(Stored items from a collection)

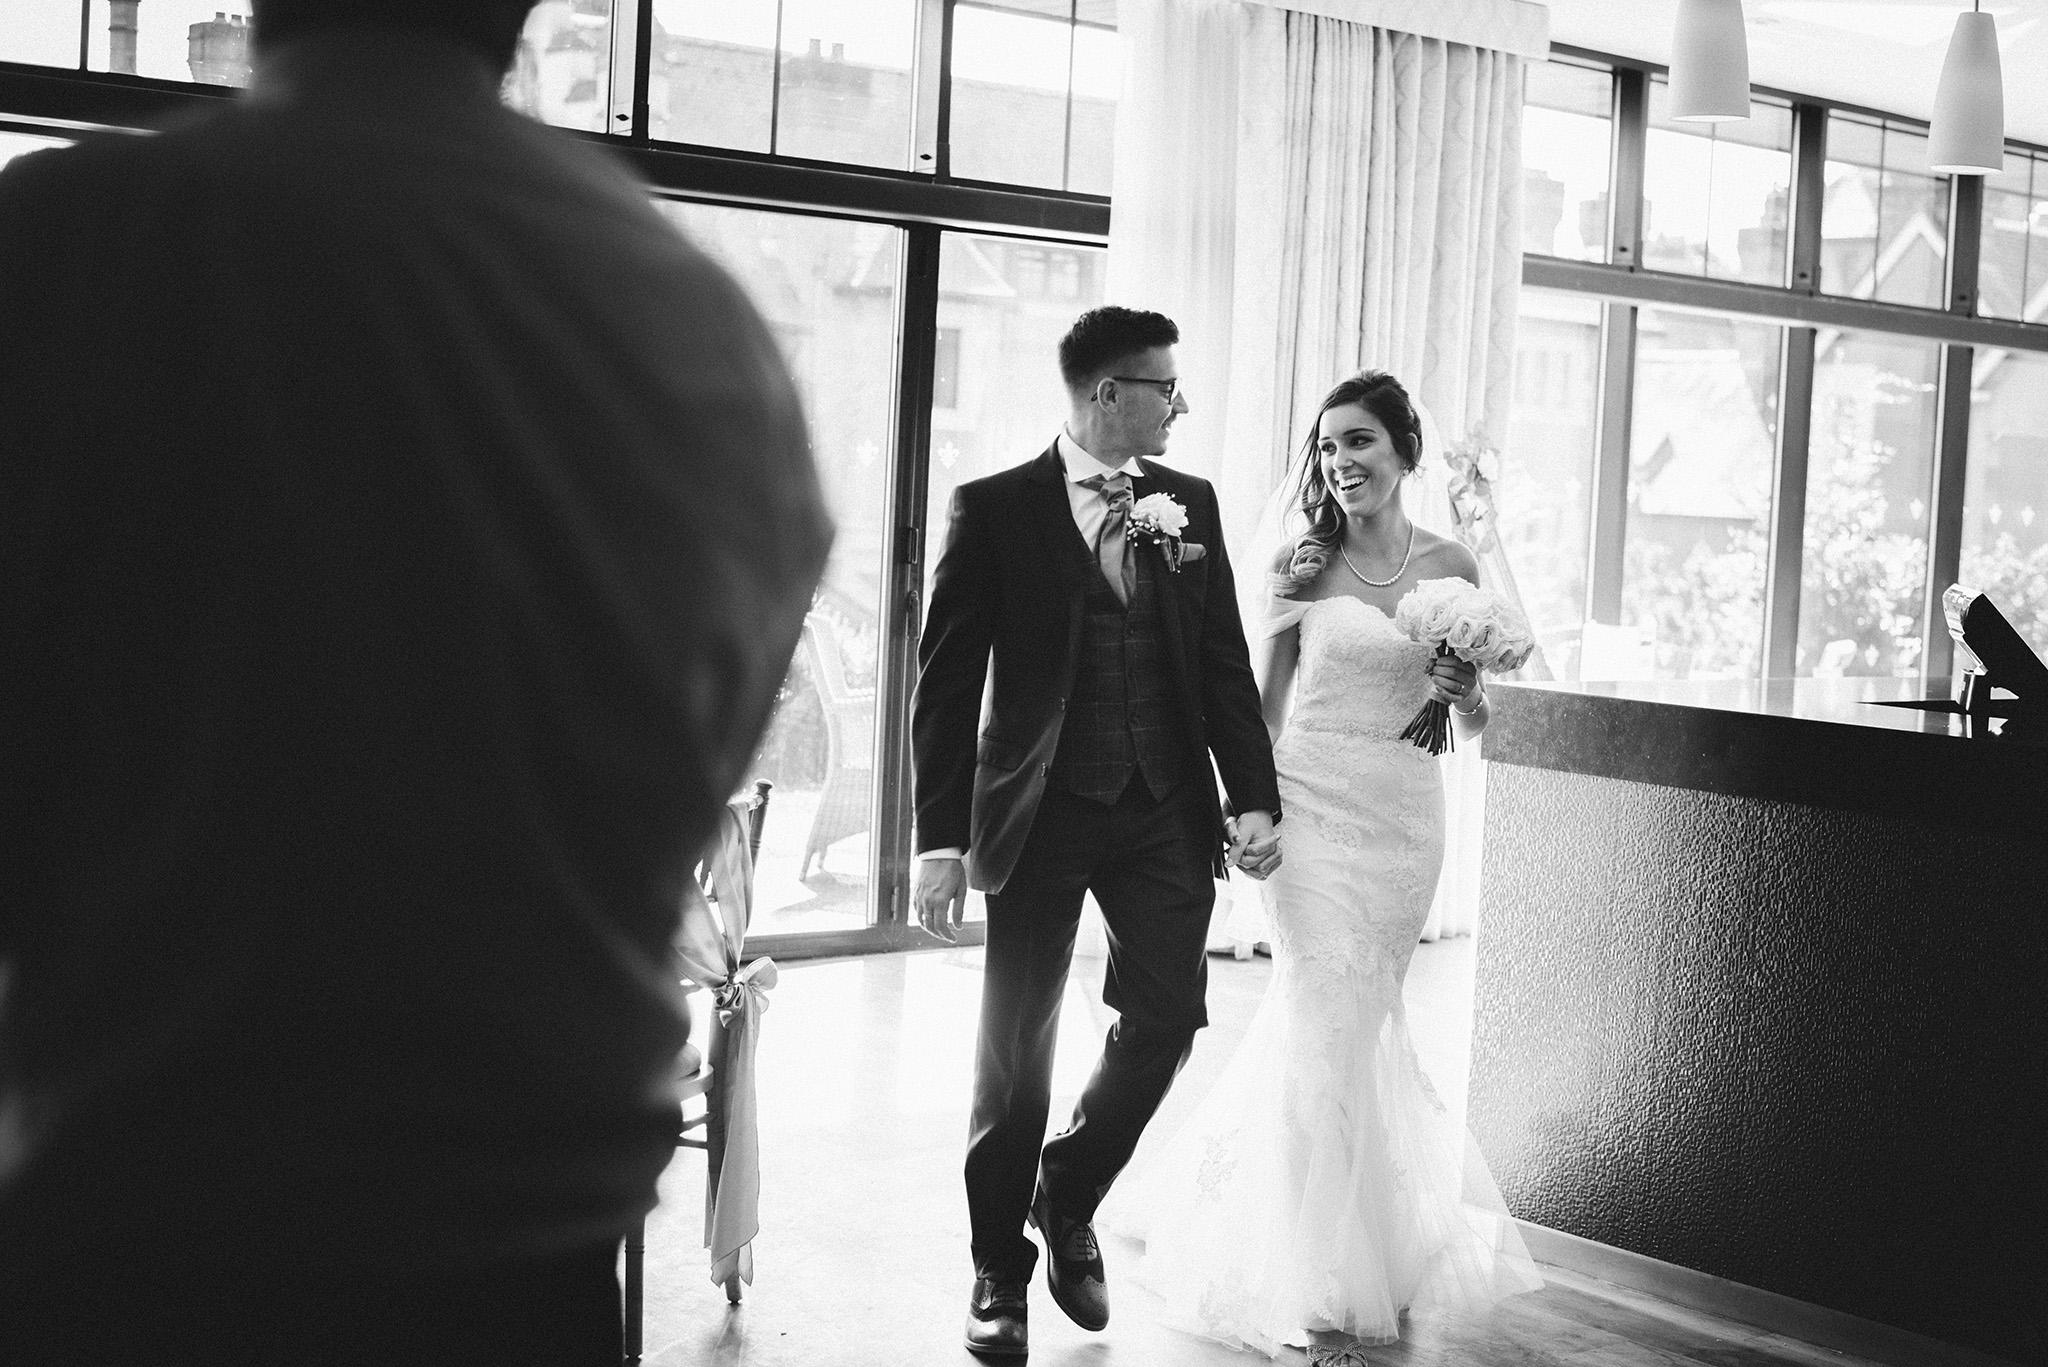 scott-stockwell-photography-wedding-11.jpg
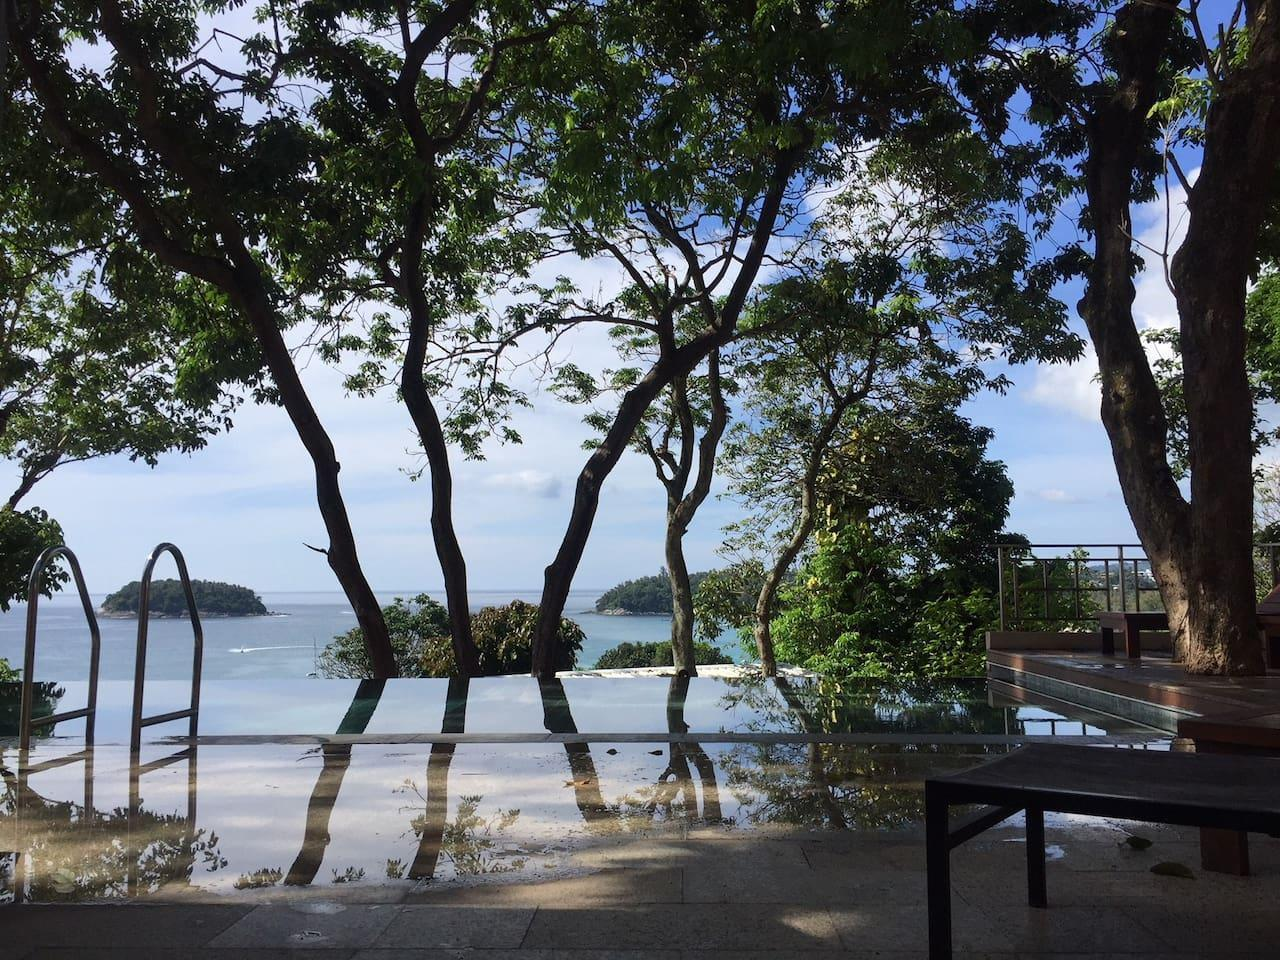 1 bed bungalow very near Kata beach with sea views บ้านเดี่ยว 1 ห้องนอน 1 ห้องน้ำส่วนตัว ขนาด 35 ตร.ม. – กะตะ
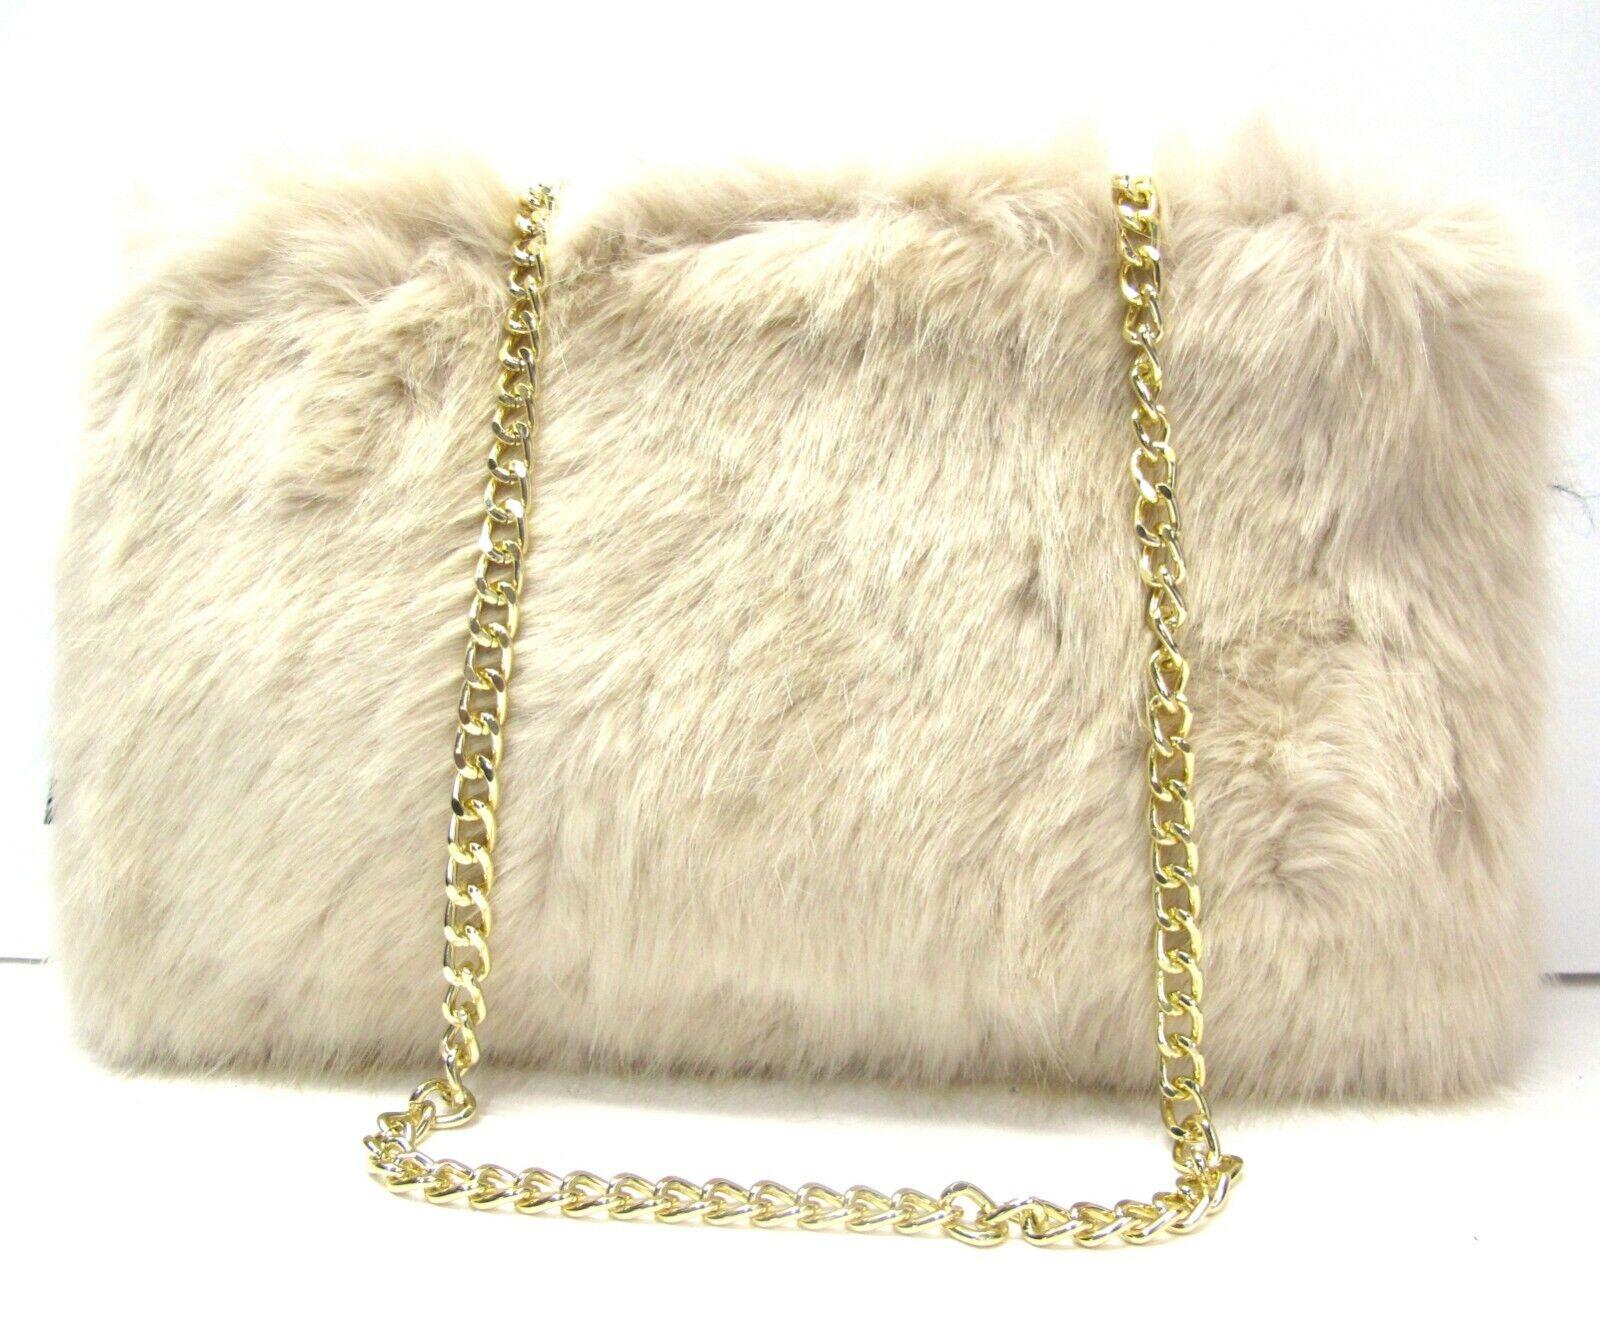 Women's Faux Fur Tote Bags Handbags & Purses for Women
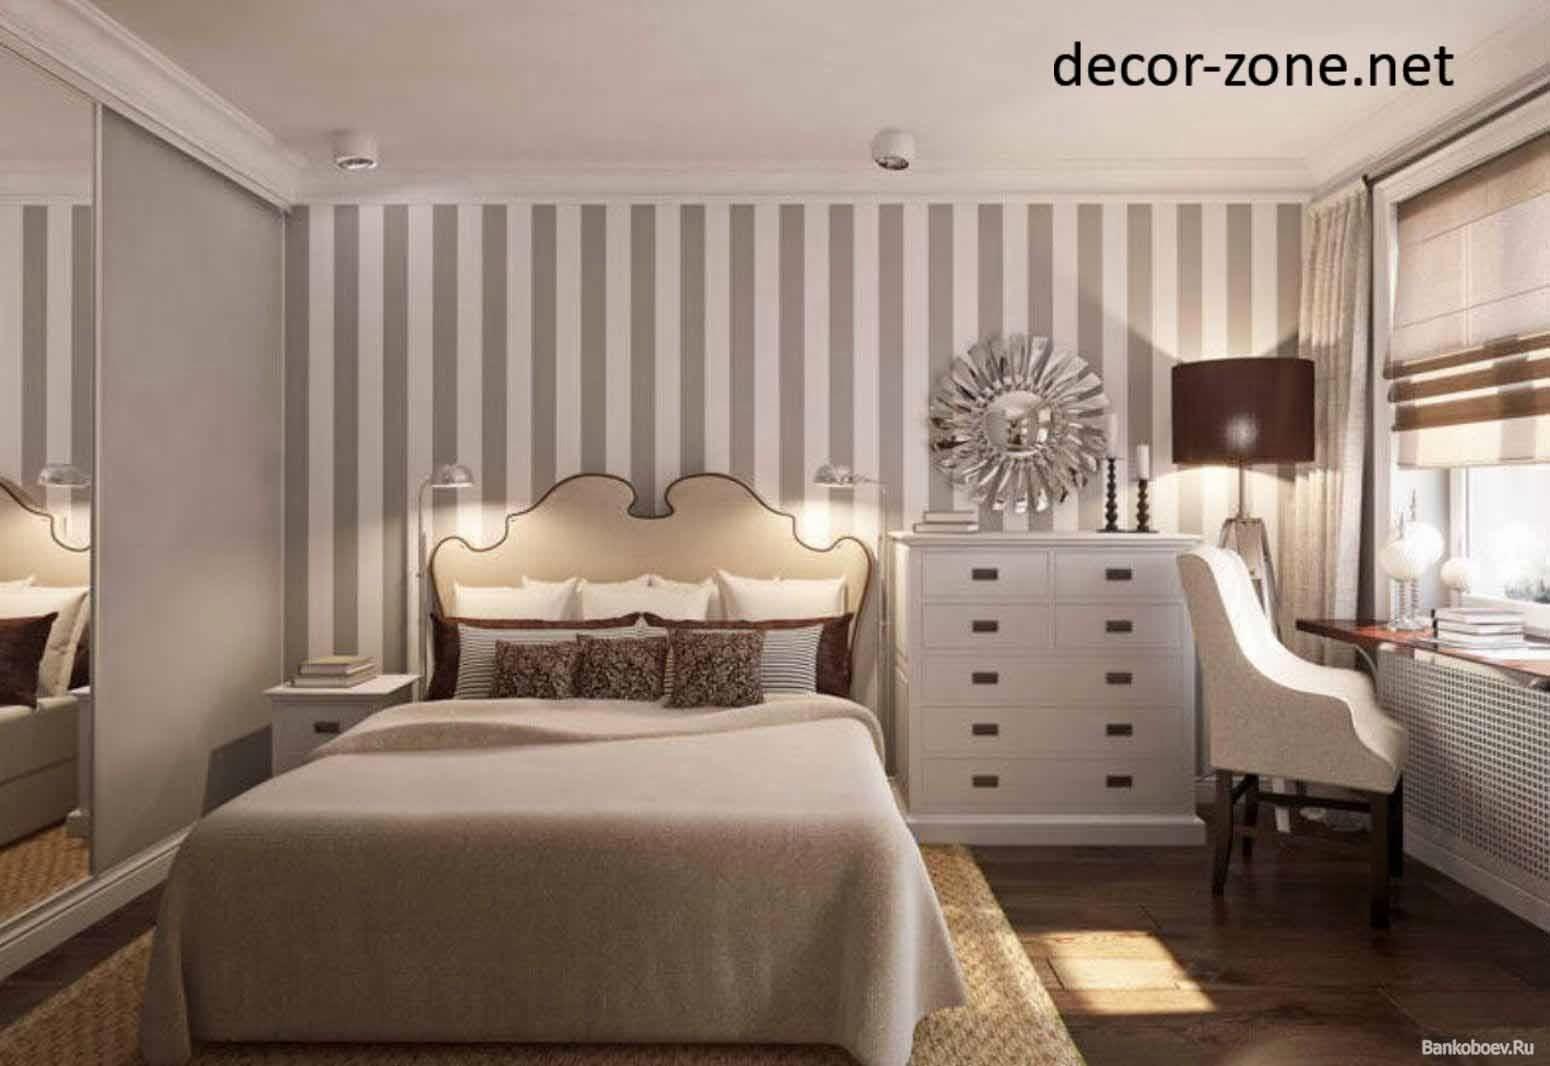 Gentil Master Bedroom Wallpaper Photo   8
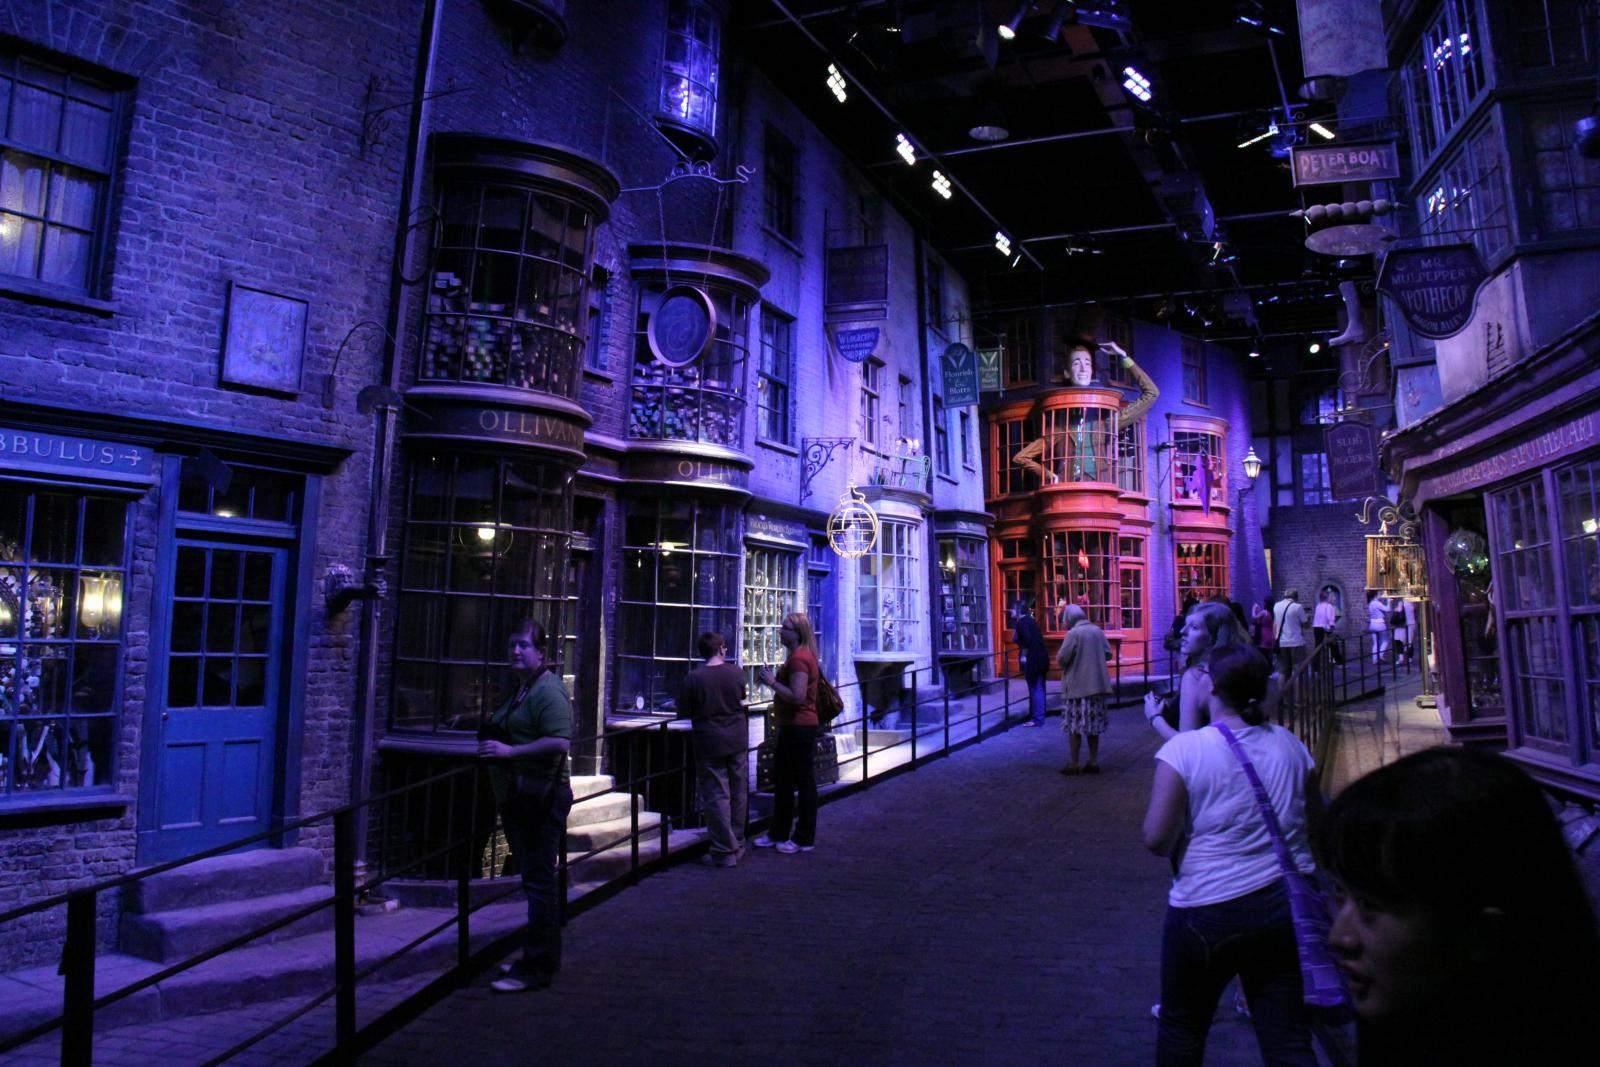 making harry potter The Making of Harry Potter, Warner Bros Studio London

Instructions to follow:
Transcribe nothing but the lines from the one containing "Women's Faux Fur" through the final line of the records, exactly as written and without pictures.

The completed task:
 Women's Faux Fur Tote Bags Handbags & Purses for Women
 Gentil Master Bedroom Wallpaper Photo   8
 making harry potter The Making of Harry Potter, Warner Bros Studio London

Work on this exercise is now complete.